Utah Senator John Curtis has joined Grassley in placing a hold on nominees, delaying their vote before the whole Senate, according to Politico’s Joshua Siegel. Grassley and Curtis, alongside Lisa Murkowski of Alaska and Thom Tillis of North Carolina, were unable to get a meeting with the Treasury Department to discuss the guidance, Siegel reported.
The department creates a seemingly impossible new permitting criteria for renewable energy.
The Interior Department released a new secretarial order Friday saying it may no longer issue any permits to a solar or wind project on federal lands unless the agency believes it will generate as much energy per acre as a coal, gas, or nuclear power plant.
Hypothetically, this could kill off any solar or wind project going through permitting that is sited on federal lands, because these facilities would technically be less energy dense than coal, gas, and nuclear plants. This is irrespective of the potential benefits solar and wind may have for the environment or reducing carbon emissions – none of which are mentioned in the order.

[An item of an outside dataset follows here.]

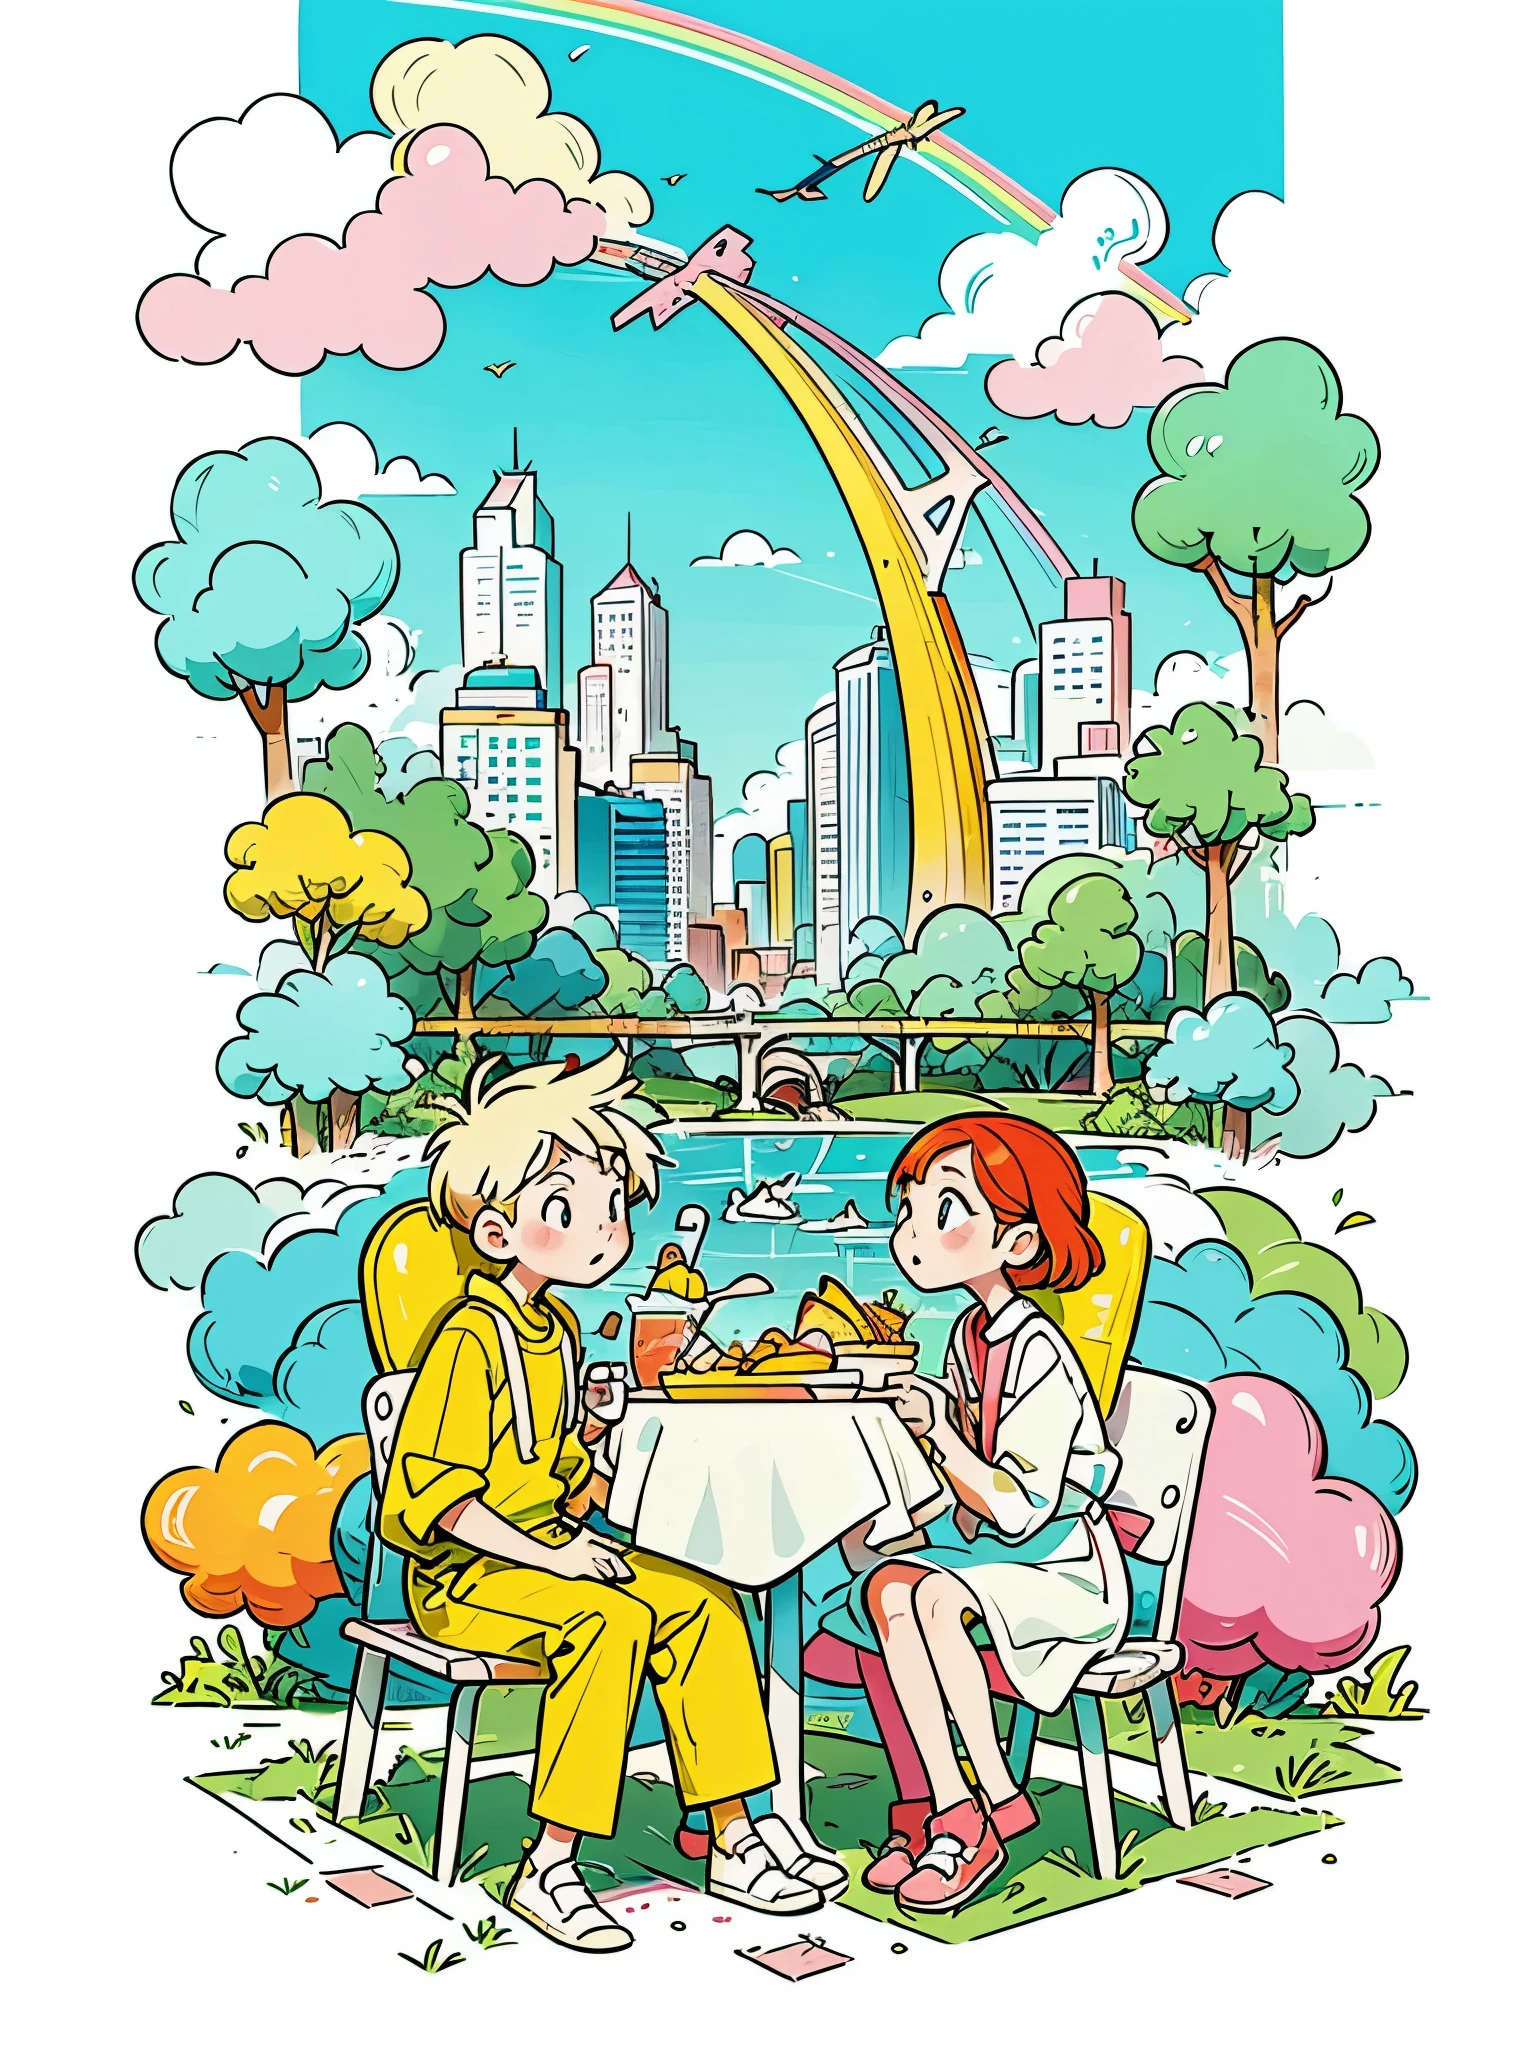 Vector illustration of young, fashionable men and women picnicking in the park, with flowing lines and warm colors set against a white background. The scene captures the essence of a modern, stylish park environment, where young people gather to relax and enjoy each other's company. The design features clean, simple lines and a limited color palette, emphasizing the sophisticated beauty of the urban park setting. The characters, with their youthful energy and trendy outfits, embody the vibrancy and grace of city life. The super saturated, vivid, and bright colors, rendered in a pop art vector style, lend a sense of surrealism and whimsy to the scene, creating a visually captivating and memorable composition.

“Gargantuan, unreliable, intermittent energy projects hold America back from achieving U.S. Energy Dominance while weighing heavily on the American taxpayer and environment,” Interior Secretary Doug Burgum said in a statement included in a press release announcing the move. “By considering energy generation optimization, the Department will be able to better manage our federal lands, minimize environmental impact, and maximize energy development to further President Donald Trump’s energy goals.”
Here’s how this new regime, which I and many in the energy sector are now suddenly trying to wrap their heads around, is apparently going to work: solar and wind facilities will now be evaluated based on their “capacity density,” which is calculated based on the ratio of acres used for a project compared to its power generation capacity. If a project has a lower “capacity density” than what the department considers to be a “reasonable alternative,” then it may no longer be able to get a permit.
“On a technology-neutral basis,” the order states, “wind and solar projects use disproportionate Federal lands relative to their energy generation when compared to other energy sources, like nuclear, gas, and coal.” The document going on to give an example, claiming that data from the U.S. Energy Information Administration shows an advanced nuclear plant uses less federal acreage than an offshore wind farm and “thus, when there are reasonable alternatives that can generate the same amount of or more energy on far less Federal land, wind and solar projects may unnecessarily and unduly degrade Federal lands.” The order also includes a chart comparing the capacity density of wind and solar facilities to conventional nuclear, gas, and coal, as well as geothermal, and claims that these sources are superior as well. The document does not reference hydropower.
There’s also a whole host of other implications in this order. Crucially, does the Interior expect that by choking off the flow of permits, cities and companies will just pony up to build what the Trump administration considers “reasonable alternatives” instead? Is the federal government going to tell communities in Nevada, for example, that they must suddenly build gas plants in the desert instead of solar farms to meet their increasing energy needs?
In any case, much more is coming, as this order simply built off of a separate secretarial order earlier this week commanding staff to prepare a litany of recommendations on ending alleged “preferential treatment” for solar and wind facilities. In other words hold my beer – and hold onto yours, too.